Tuesday, 31 March 2009
Robust Estimation of Mean Functions and Treatment Effects for Recurrent Events Under Event-Dependent Censoring and Termination
Tuesday, 24 March 2009
Estimating life expectancy in health and ill health by using a hidden Markov model
The main aim of the paper is to estimate life expectancies in the non-impaired and impaired states. As mortality will be highly dependent on age, non-homogeneous transition intensities are required. Rather than employ the standard approach of piecewise constant intensities, the authors instead include age as a log-linear time dependent covariate and assume that an individual observed at ages t and u, for t < u, has constant intensity Q(t) for the interval (t,u). This will clearly result in some degree of bias, particularly if observation times are widely spaced. Life expectancy is then calculated by assuming intensities are constant in 1 year intervals. As this is different from how the data were estimated, the bias may be further compounded.
Rudimentary goodness-of-fit is carried out by comparing estimated survival curves from the HMM with a Cox-regression performed directly on the survival data. It is worth noting that this approach could be problematic in certain circumstances because the HMM is not nested within the Cox-regression model, so there might be discrepancies between the curves even if the HMM is correctly specified.
Monday, 16 March 2009
Nonparametric estimation in an "illness-death" model when the transition times are interval-censored and one transition is not observed.

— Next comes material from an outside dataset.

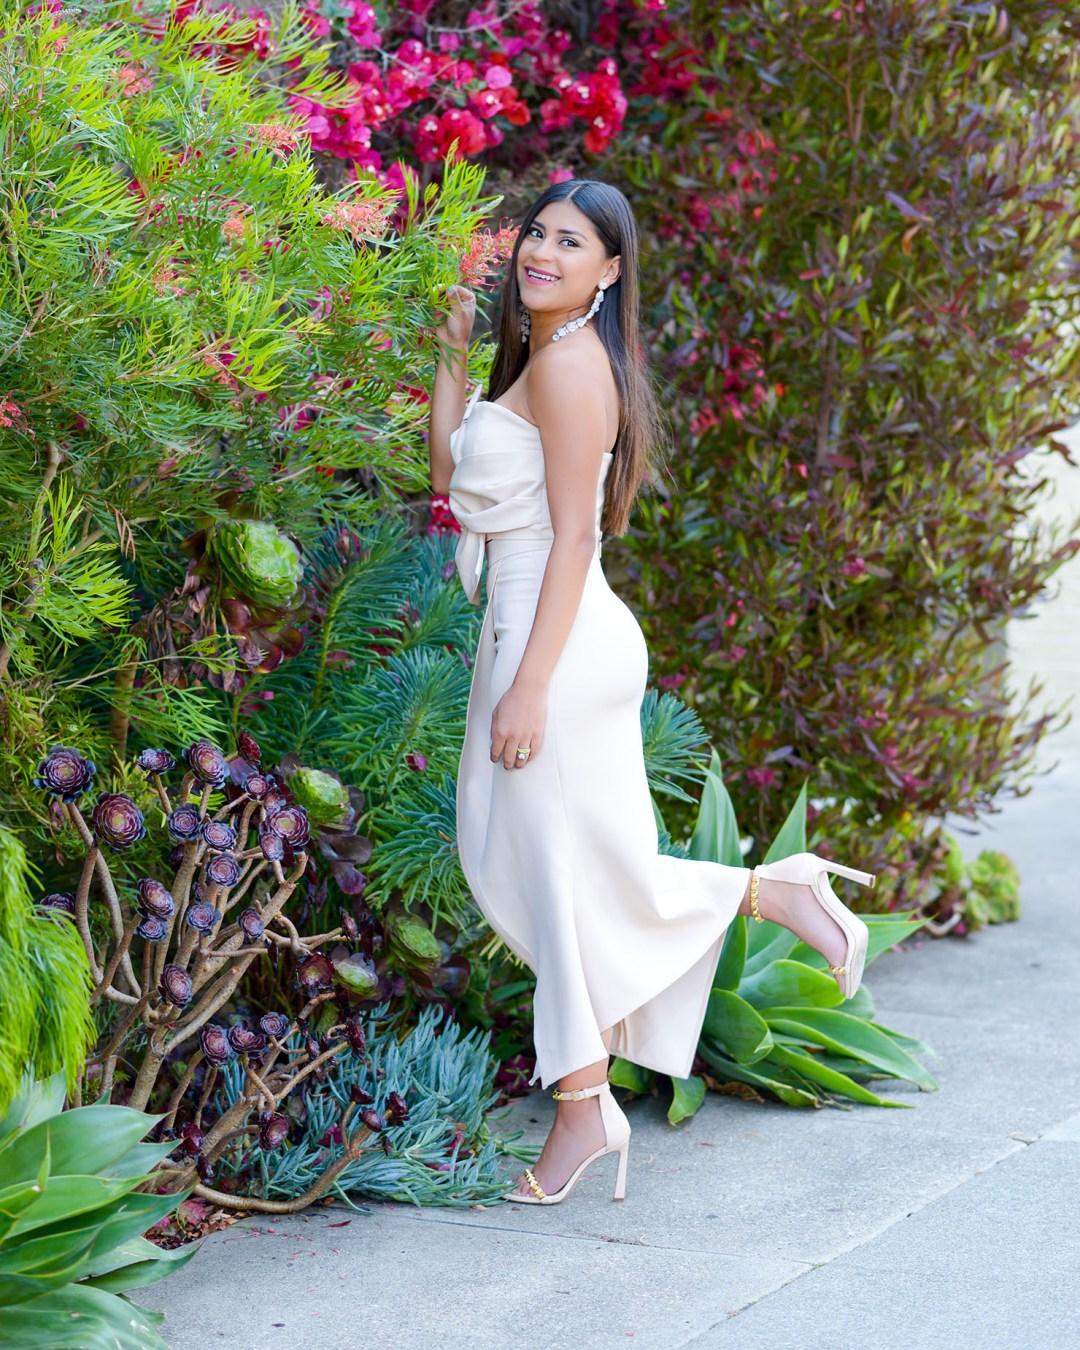 Lifestyle blogger Kelsey Kaplan of Kelsey Kaplan Fashion wearing Beige Two-Piece Set and Stuart Weitzman sandals

Frydman, Gerds, Groen and Keiding have a paper available as a research report from the Department of Biostatistics, Copenhagen. The paper develops previous work on the non-parametric estimation of interval-censored multi-state data. Here the data in question follow a progressive three-state "illness-death" model but the ill to death transition is never observed. This is because the data arise from clinical observation and the trial ceases if a patient is observed to be in the illness state. Such an observation scheme has strong similarities with data considered by Duffy et al relating to breast cancer screening where a three-stage unidirectional model was assumed and the intermediate state was pre-clinical detectable breast cancer. No data on pre-clinical to clinical breast cancer transitions were available as interest was in the natural progression of the disease. Duffy et al analysed the data parametrically, assuming a time homogeneous Markov model. In contrast Frydman et al fit a non-homogeneous Markov model non-parametrically. Since all transitions are interval censored, they model the process in discrete time.
Update: A paper broadly based upon the research report has now been published in Biometrical Journal. The supplementary materials also includes R code to implement the proposed algorithm.